According to the criminal complaint filed against the men on Nov. 24, Lake Mead park rangers on routine patrol spotted the unauthorized road work on March 22.

At the time, Ford was trying to lease out the mine for a three-day music and arts festival called Further Future, but the Park Service and the Bureau of Land Management declined to issue permits for the event.

Ford mines limestone and other minerals on his 215-acre tract sandwiched between Lake Mead National Recreation Area and the BLM's Muddy Mountains Wilderness Area. He also uses the land for a composting operation and previously rented space to a Las Vegas gun range that lets people shoot heavy machine guns and grenade launchers.

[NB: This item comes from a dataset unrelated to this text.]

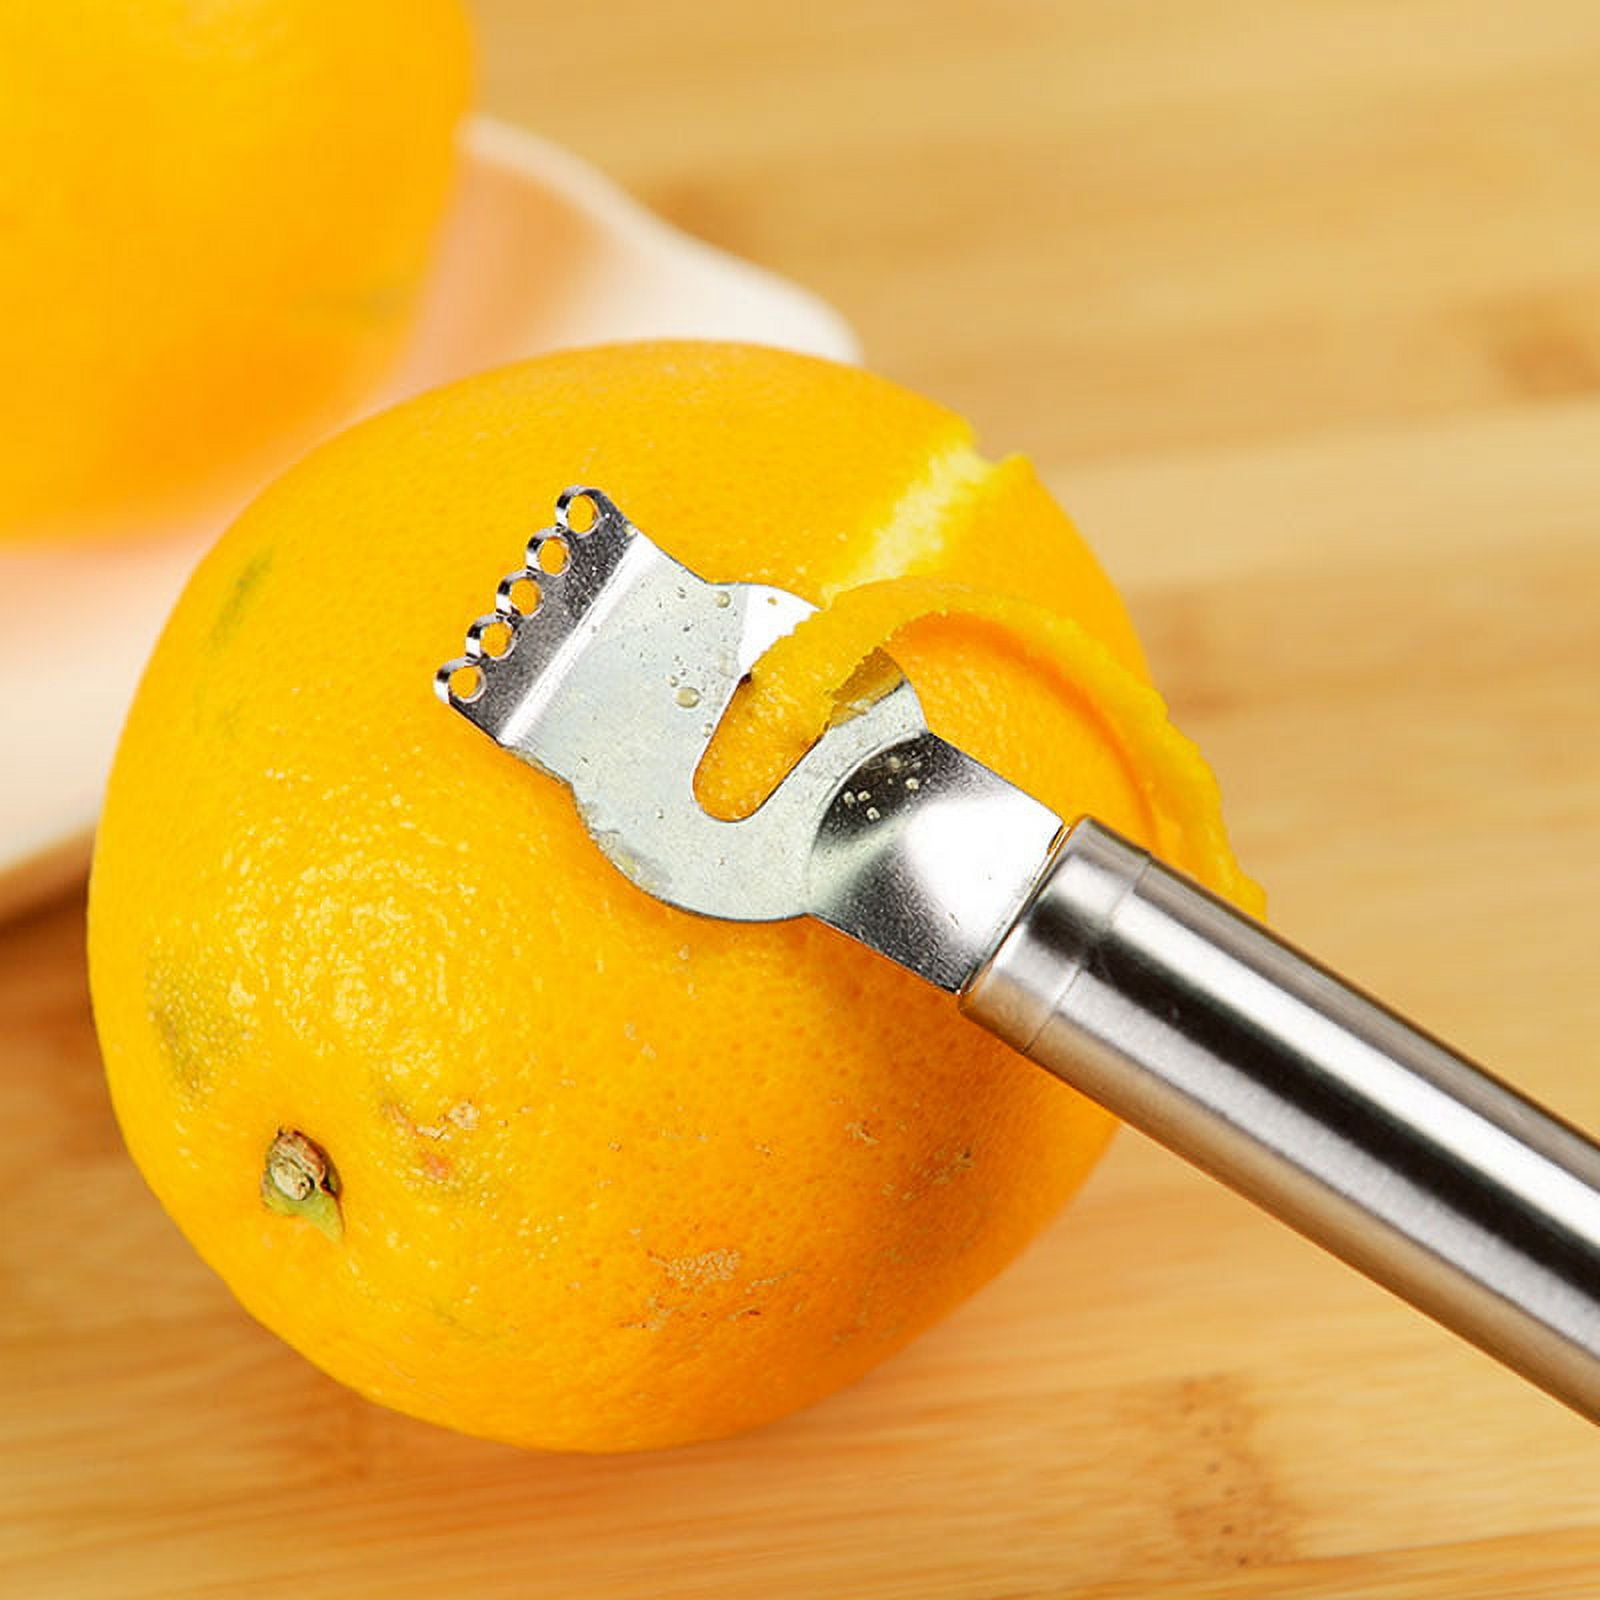 Stainless Steel Lemon Peeler Zester Grater Lime Orange Citrus Fruit Grater  Grips Lime Zest Knife Peeling Tools From Paulelectronic, $1.11

Ford was not immediately available for comment.

He first made headlines in February when he gated his portion of Anniversary Mine Road, cutting off public access to a popular hiking trail through a nearby slot canyon.

At the time, he said he was forced to close the road because it was dangerous and his insurance carrier was threatening to drop him if he kept letting people cross his land to reach Anniversary Narrows.

He offered to pave the entire 2½ mile road — two-thirds of which is on federal land — at his own expense, but the BLM and Park Service turned him down.

The Anniversary Mine was founded in the early 1920s, more than a decade before Hoover Dam was finished and the recreation area was born in 1936.

Ford said he entered into a deal to buy the old mine in 2006 and took possession of the land in 2011. The following year, the BLM sent him a warning letter about unauthorized road work after he put asphalt chips on the dirt track leading to and through his property.

Ford is scheduled to appear in court on the criminal charge on Feb. 2.

Natalie Collins, spokeswoman for the U.S. Attorney's office in Las Vegas, said the count carries a penalty of up to 10 years in prison and a $250,000 fine.

A government assessment of the resource damage caused by the road grader pegged the cost at $1,540.